The elements of a conspiracy to commit money laundering conviction are: (1) that there was an agreement between two or more persons to commit money laundering, and (2) that the defendant joined the agreement knowing its purpose and with the intent to further the illegal purpose. See United States v. Threadgill, 172 F.3d 357, 366 (5th Cir.), cert. denied — U.S. ___, 120 S.Ct. 172, 145 L.Ed.2d 146 (1999). Thus, the jury instructions in this case properly defined the requisite conduct necessary to convict as "initiating or concluding, or participating in initiating or concluding a transaction."
The evidence presented in this case was clearly sufficient for the jury to infer that Parker participated in the use of the apartment to launder money. First, Parker signed the lease. Second, testimony at trial indicated that Parker had no non-drug related income for at least two years preceding her arrest and that she was Meshack's girlfriend who had all her needs taken care of by Meshack. Testimony also indicated that Parker was involved in the storage of drugs at her apartment, and that other activity integral to the conspiracy was conducted from the apartment. Accordingly, we agree with the government that "the jury could reasonably conclude that an unemployed person who was otherwise without funds to pay her rent, obtained the money to pay her rent from Appellant Meshack and that the money was proceeds from the drug trafficking."
At sentencing, the district court determined the amount of drugs for which each defendant was responsible. Thus, the jury did not make this finding, the amounts were determined by a preponderance of the evidence rather than beyond a reasonable doubt, and the indictment did not charge the relevant amounts. We have continually endorsed this handling of a § 841 case, holding that drug amount is a sentencing enhancement entrusted to the judge's determination rather than an element of the offense which must be determined by the jury. See, e.g., United States v. Dickey, 102 F.3d 157, 163 (5th Cir. 1996); United States v. Royal, 972 F.2d 643, 650 (5th Cir. 1992).
The defendants argue that this approach has been invalidated by a recent line of Supreme Court cases. Relying on these cases, they argue that drug amount is an element of a § 841 offense which must be charged in the indictment and which must be found by a jury beyond a reasonable doubt.
In Jones v. United States, 526 U.S. 227, 119 S.Ct. 1215, 143 L.Ed.2d 311 (1999), the Supreme Court vacated a sentence under the federal carjacking statute. The Court determined, as a matter of statutory interpretation, that the statute's enhanced sentence for carjacking involving "serious bodily injury" actually constituted a distinct offense, which accordingly must be specifically charged in the indictment, submitted to the jury, and proved beyond a reasonable doubt. See id. at 230, 239, 119 S.Ct. 1215 (quoting 18 U.S.C. § 2119). The Court premised its reversal in part on constitutional concerns which would be raised by the contrary reading allowing a judge to treat "serious bodily injury" as a sentence enhancement and thus determine whether it occurred at sentencing by a preponderance of the evidence. See id. at 240, 119 S.Ct. 1215.

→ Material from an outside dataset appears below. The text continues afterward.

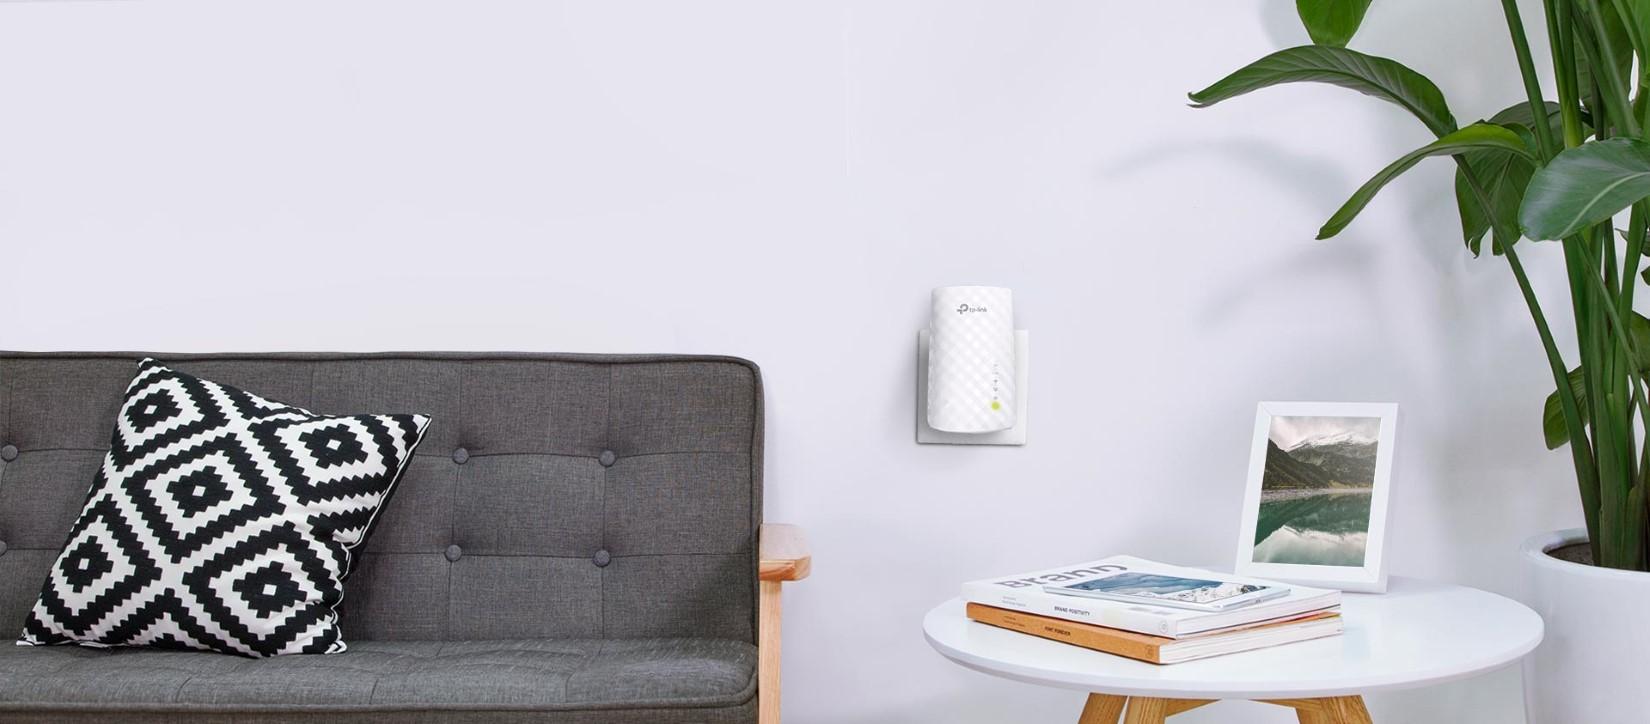 Bộ mở rộng sóng Wi-Fi TP-Link RE200 AC750
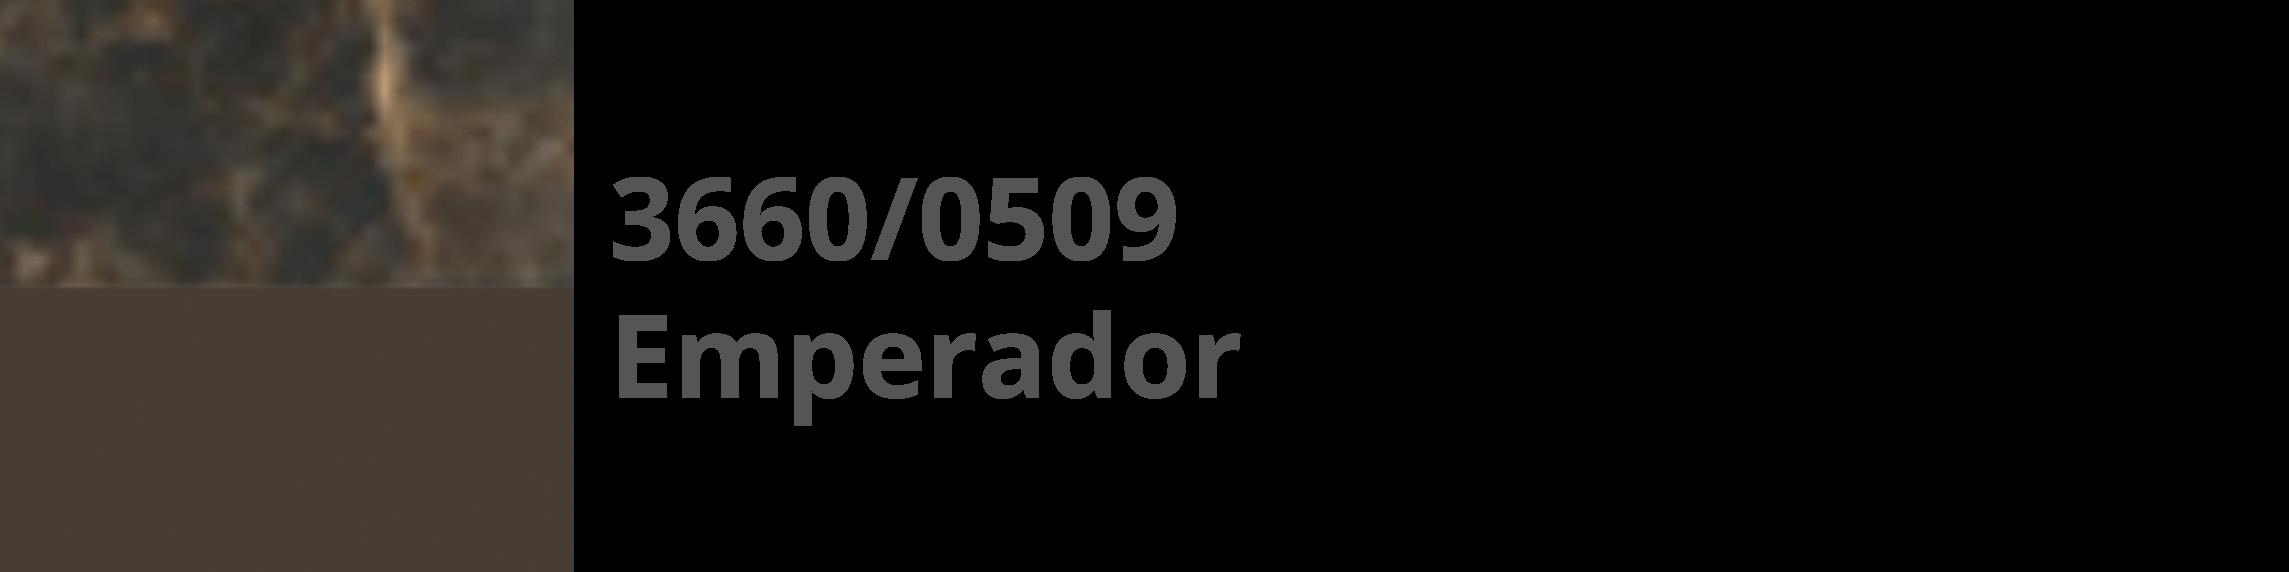 3660 509 Emperador

We subsequently held that Jones did not merit reversal of a § 841 conviction under plain error review where the amount of drugs was not alleged in the indictment or proved to the jury. See United States v. Rios-Quintero, 204 F.3d 214, 219 (5th Cir. 2000) ("[W]e cannot conclude that the Supreme Court's identification of unresolved constitutional issues in Jones is sufficiently plain or obvious with respect to its application to the federal drug trafficking statutes to permit a finding of remediable plain error in this case."). Noting our reticence to overturn prior case law based on unclear statements in Jones, we noted that the defendant had notice of the drug amount through a notice of enhancement filed with the indictment, and we noted that the amount of quantity was undisputed because the defendant stipulated to it and conceded it before the jury. See id. at 219.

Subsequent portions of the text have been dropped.